Writer: Alexander Wright
Director: Dominic Allen
Reviewer: Lauren Humphreys
The Public Reviews Rating:
The Belt Up Theatre experience is always magical and unique and The Boy James proves to be no exception. We are led into a darkly cosy “drawing room”, coaxed back to our childhoods, and begin to play parlour games – then it’s time to close our eyes and wait for the story to unfold.
And unfold it does, in the most compelling and at times, disturbing ways. Adult James (Dominic Allen) arrives and tells The Boy (Jethro Compton) without explanation, that there will be no more adventures for him, and here it all begins to go wrong – badly wrong. With unsettling shifts of mood and periods of uneasy silence, the audience are fully involved in The Boy’s story as he negotiates the tricky path from carefree childhood to brutal adolescence. We watch as The Boy is uncomfortably introduced to bad language, drink and violent sex.

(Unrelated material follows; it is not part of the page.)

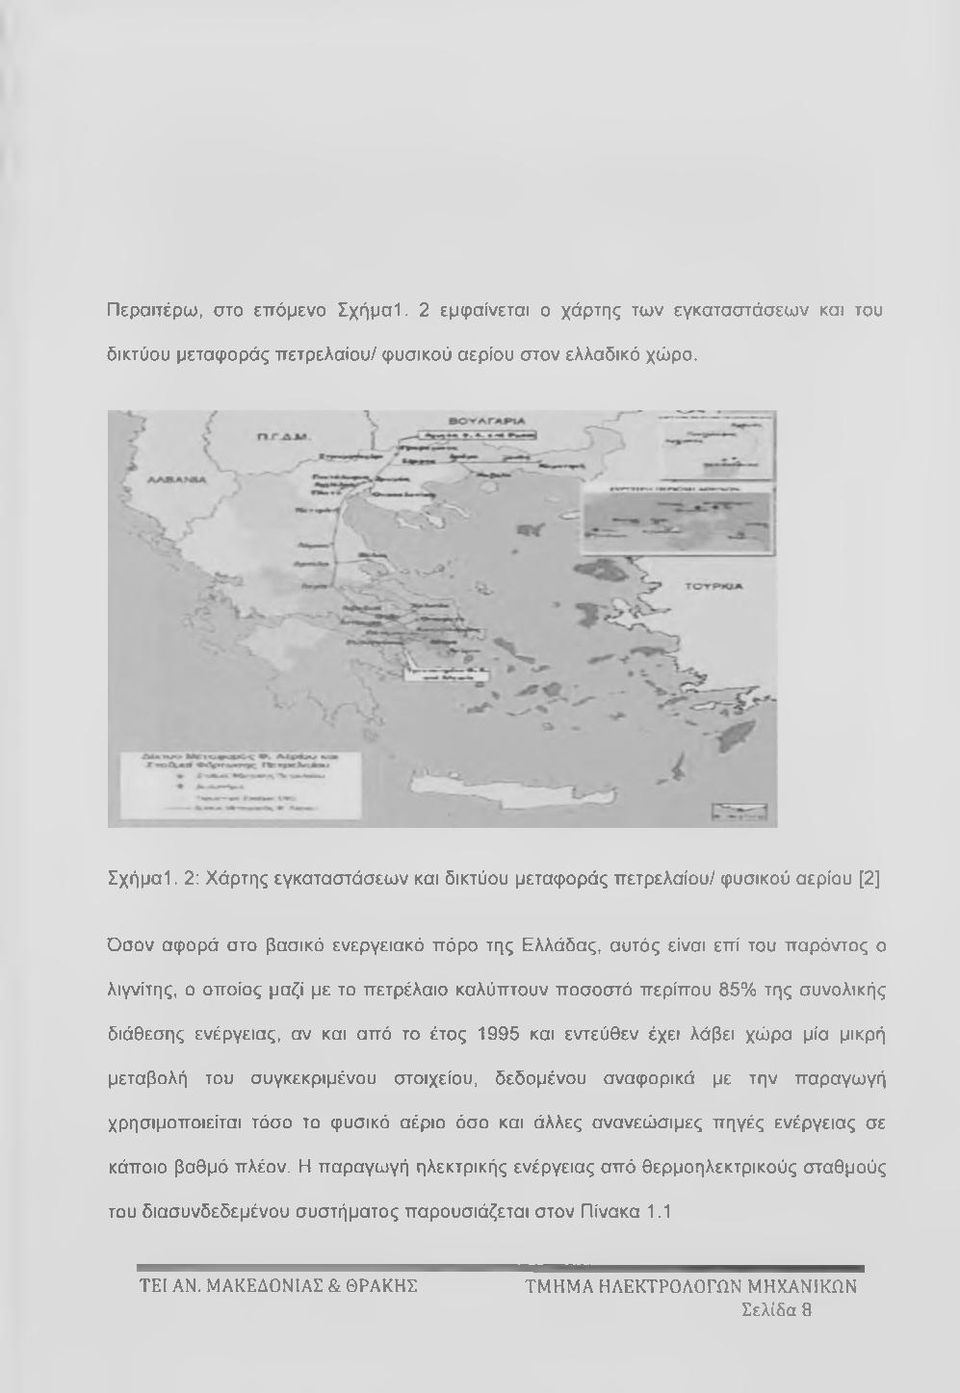 2: Χάρτης εγκαταστάσεων και δικτύου μεταφοράς πετρελαίου/ φυσικού αερίου [2] Όσον αφορά στο βασικό ενεργειακό πόρο της Ελλάδας, αυτός είναι επί του παρόντος ο λιγνίτης, ο οποίος μαζί με το
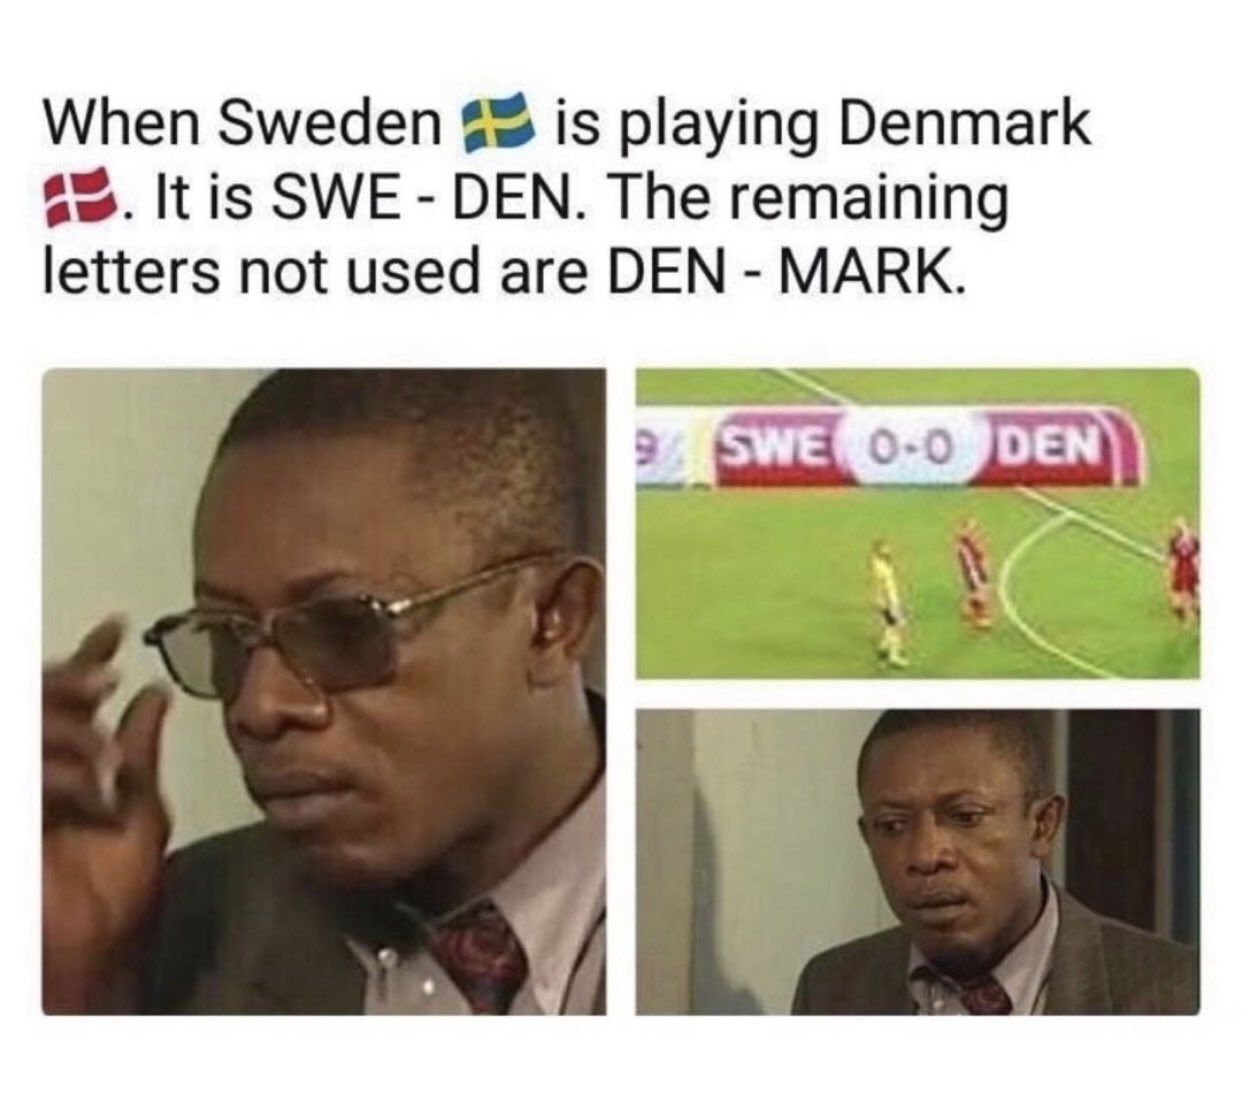 SWE - DEN

Loosely based on the life and works of J.M. Barrie there is undoubted influence from his most famous story of Peter Pan, “the boy who never grew up”. However, the themes and ideas introduced are never quite fully developed and are left hanging in the air like threads. You are left with more questions than answers from this experience.
High praise must go to the performers though, in particular Compton, who is entirely convincing as The Boy and manages to beguile and utterly hypnotise the audience throughout.
Belt Up are committed to producing “fearless, adventurous work with the audience at the centre” and this fully lives up to that. It’s an intriguing and engaging work and a perfect introduction to a truly different type of theatrical experience. The text needs work to make it truly exceptional but it’s tantalisingly close to perfection.